A money-related trend to watch in 2022 is cryptocurrency. The IRS will be watching it, too, given the new reporting requirements for individuals trading and using cryptocurrency, which the agency has put in place effective January 1, 2023.

The passage of the Infrastructure Investments and Jobs Act (IIJA) shows that the IRS is serious about enforcing, strengthening and standardizing requirements related to virtual currency. Here are some important tax-related facts to be aware of:

  • All cryptocurrency exchanges are now considered “brokers,” similar to traditional investment brokers.

  • The term digital asset is defined by the law as “any digital representation of value which is recorded on a cryptographically secure distributed ledger or any similar technology.”

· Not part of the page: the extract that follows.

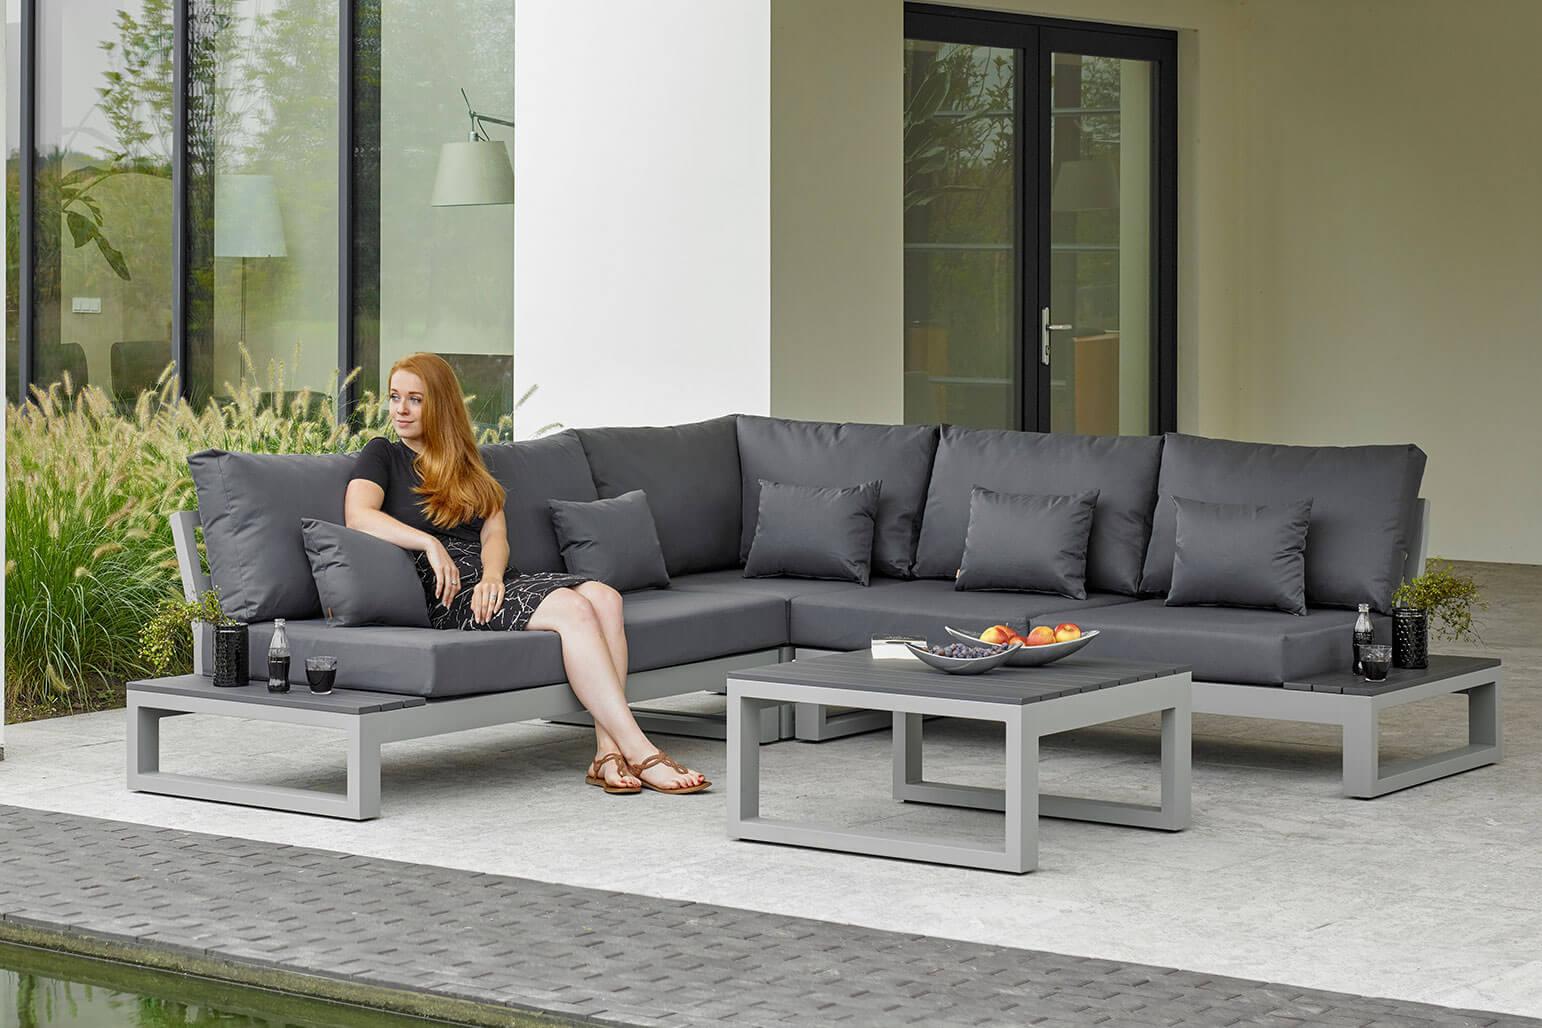 Full Size of Loungemöbel Aluminium Life Lounge Mallorca Grau Matt Too Design Gartenmbel Garten Fenster Verbundplatte Küche Holz Günstig Wohnzimmer Loungemöbel Aluminium
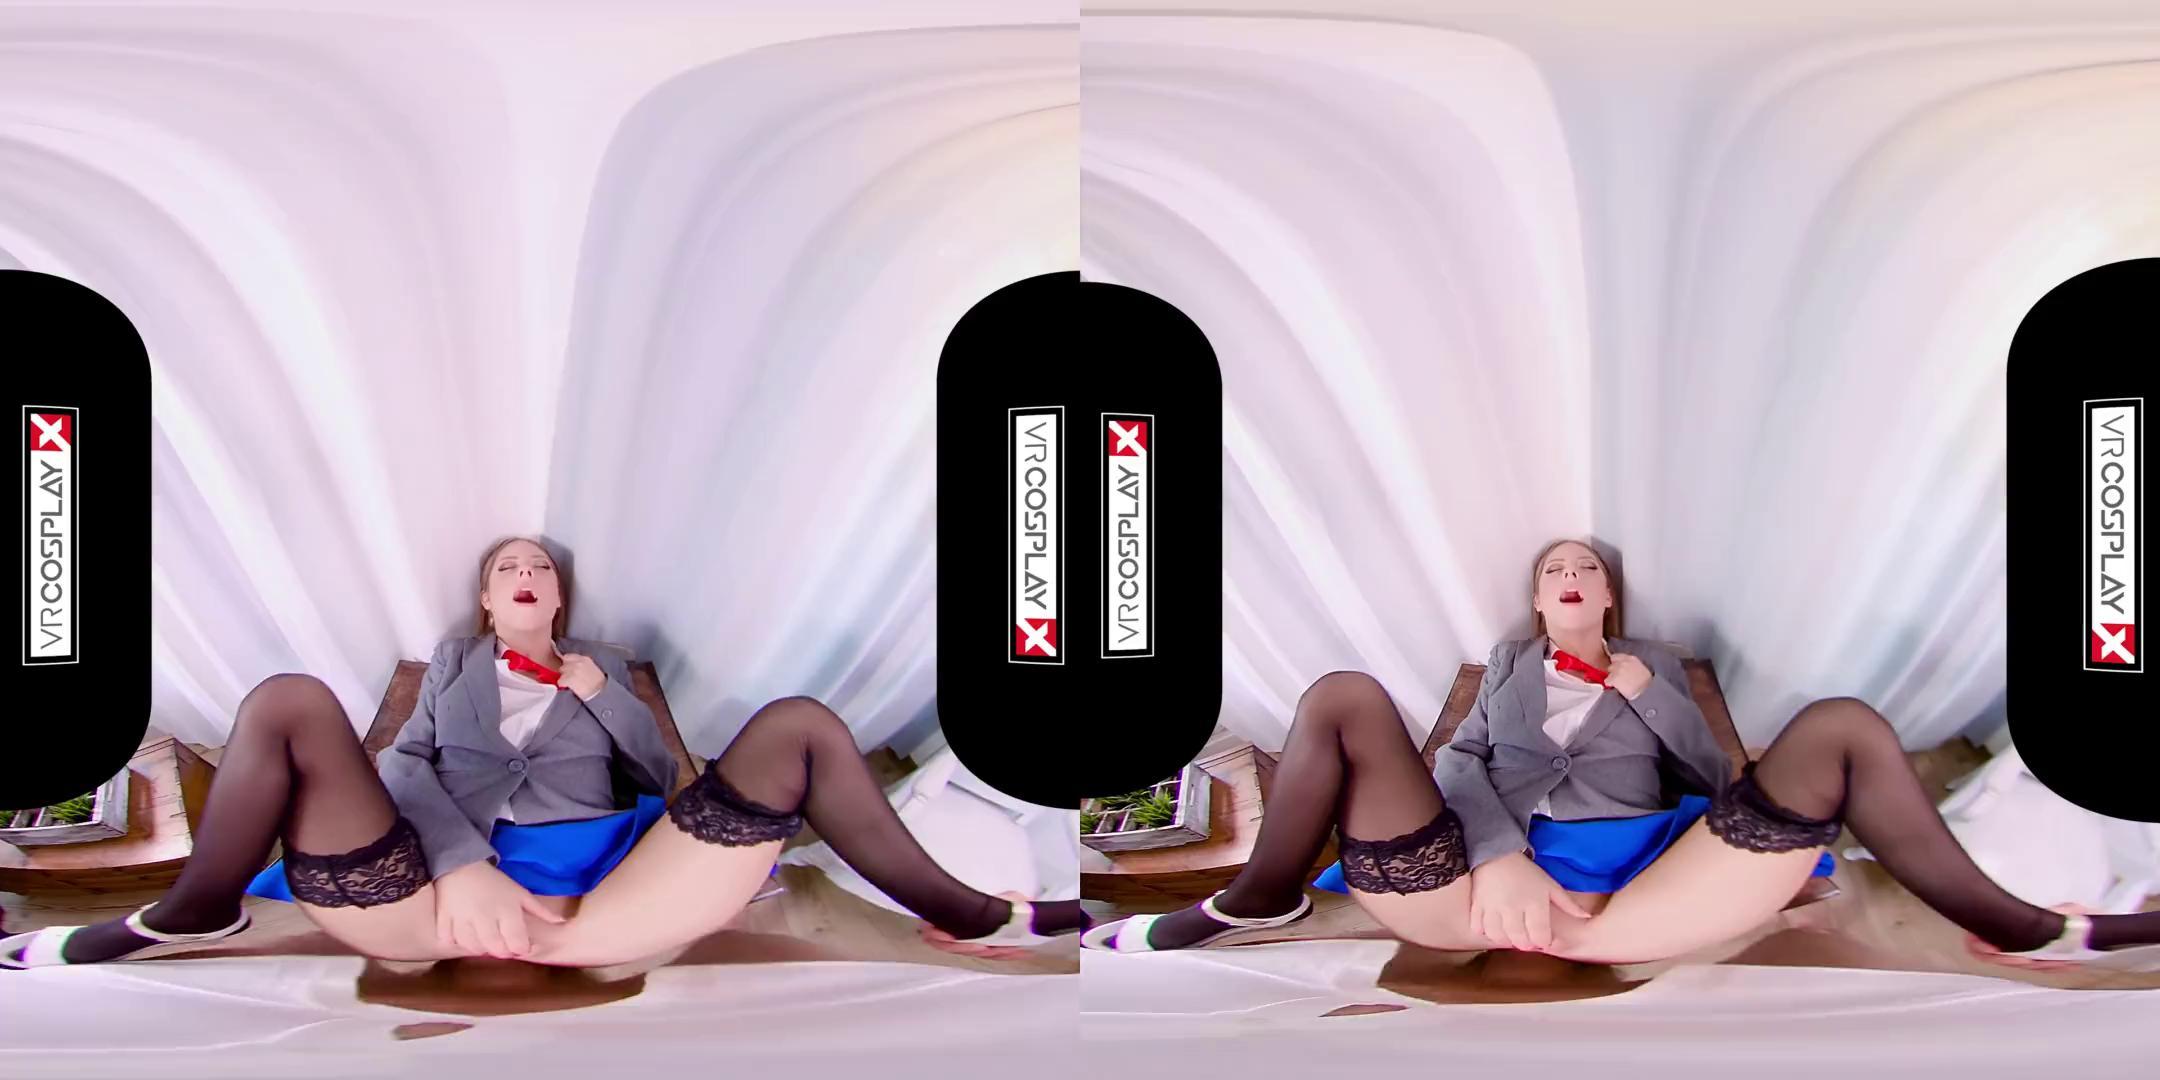 Virtual Big Natural Tits Hd

  • For tax purposes, digital assets are considered the same as securities, similar to stocks, bonds and certain types of commodities in the eyes of the IRS. Keep in mind that securities are also subject to the Securities and Exchange Commission (SEC), and this legislation does not address the SEC. 

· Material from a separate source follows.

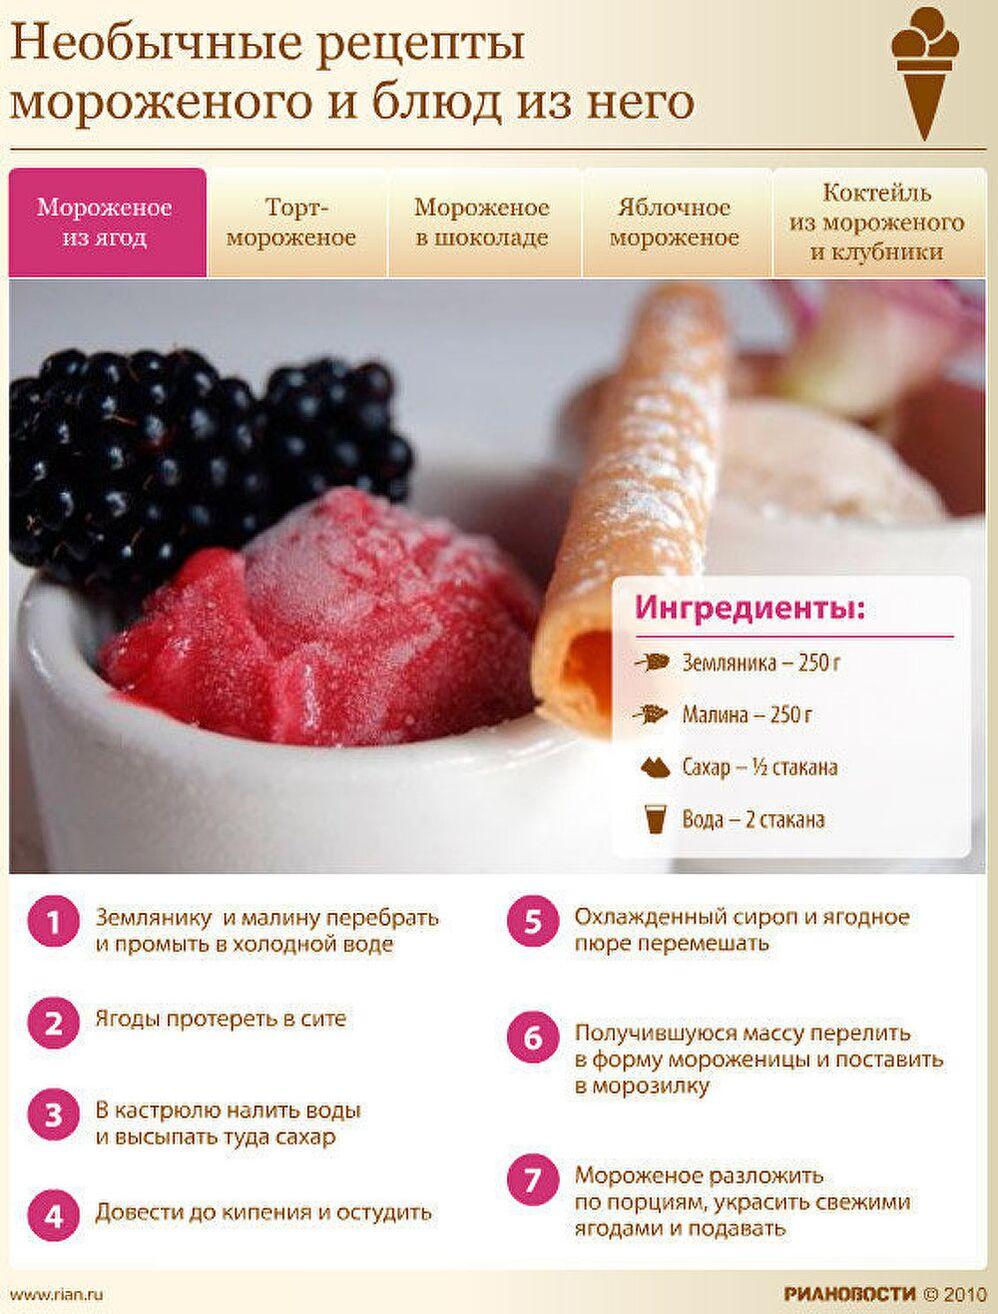 Необычные рецепты мороженого и блюд из него
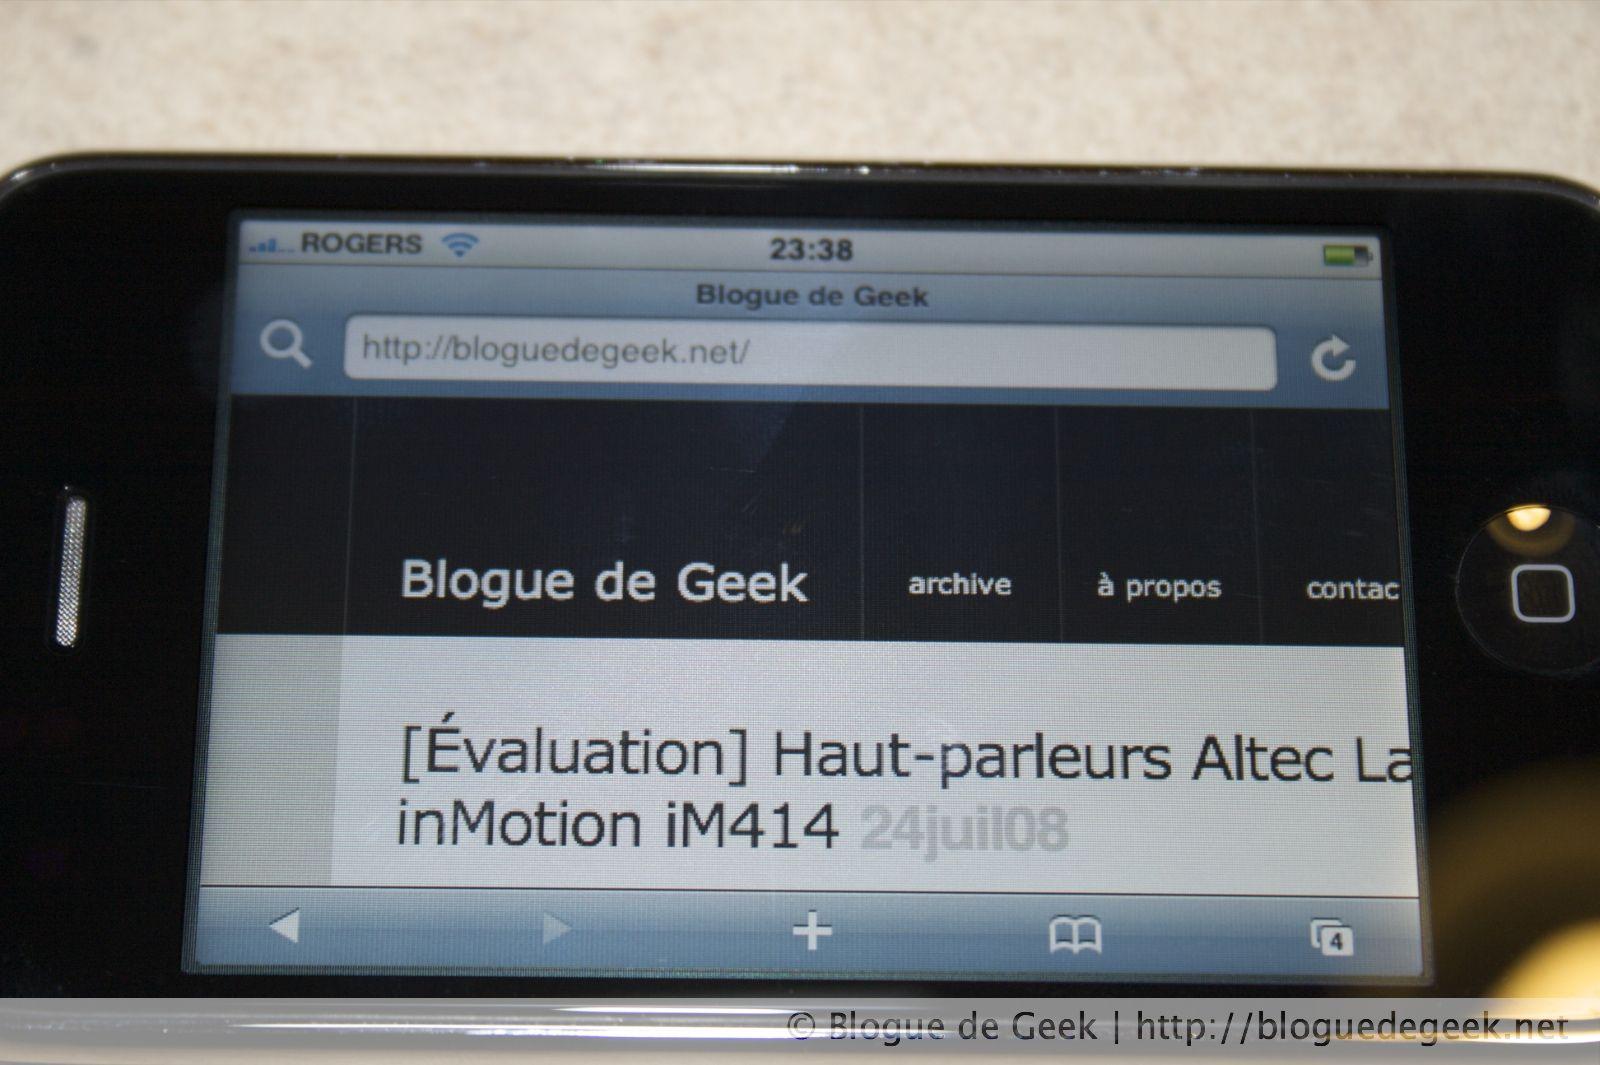 img 262112 - iPhone 3G avec Rogers au Canada [Évaluation]

  • Reporting for cryptocurrency exchanges has also changed. These platforms are now required to report information to both the IRS and to their customers. This is in contrast to the fact that historically there have not been standardized requirements for cryptocurrency exchanges. Starting in 2023, the following information is required to be reported by cryptocurrency exchanges to the IRS: (1) name, address and phone number of each customer; (2) the gross proceeds from any sale of digital assets; and (3) capital gains or losses and whether such capital gains or losses were short-term (held for one year or less) or long-term (held for more than one year).

  • Penalties will be applied to exchanges that fail to report the information detailed above. These penalties could be as high as $250 per customer, up to a maximum $3 million penalty.

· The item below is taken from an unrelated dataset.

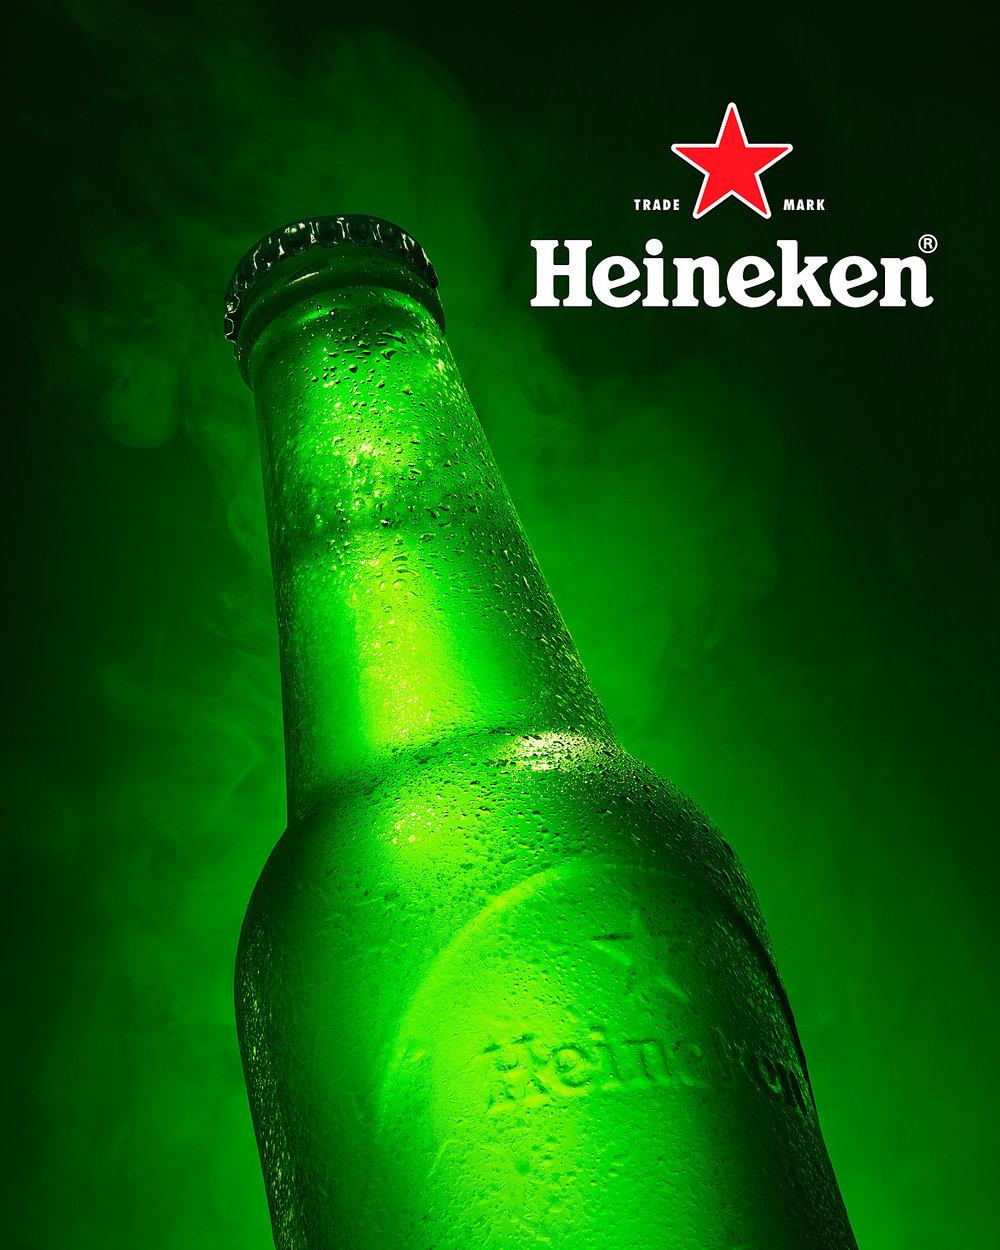 181019_NS_Heineken_290_FB_Hero_BMS_R1_1_web.jpg

  • Digital assets valued at $10,000 or more are now treated as cash received for any person engaging in a trade or business. This means that if you receive more than $10,000 in cash, you are required to file IRS Form 8300 (Report of Cash Payments Over $10,000 Received in a Trade or Business). 

Although there are significant changes related to tax reporting and cryptocurrency, as long as you keep well-documented records of any virtual currency trading, buying or selling activity and report it on your tax return, you should be in good standing with the IRS. Remember, these new reporting requirements are effective January 1, 2023, giving you ample time to prepare and make necessary adjustments.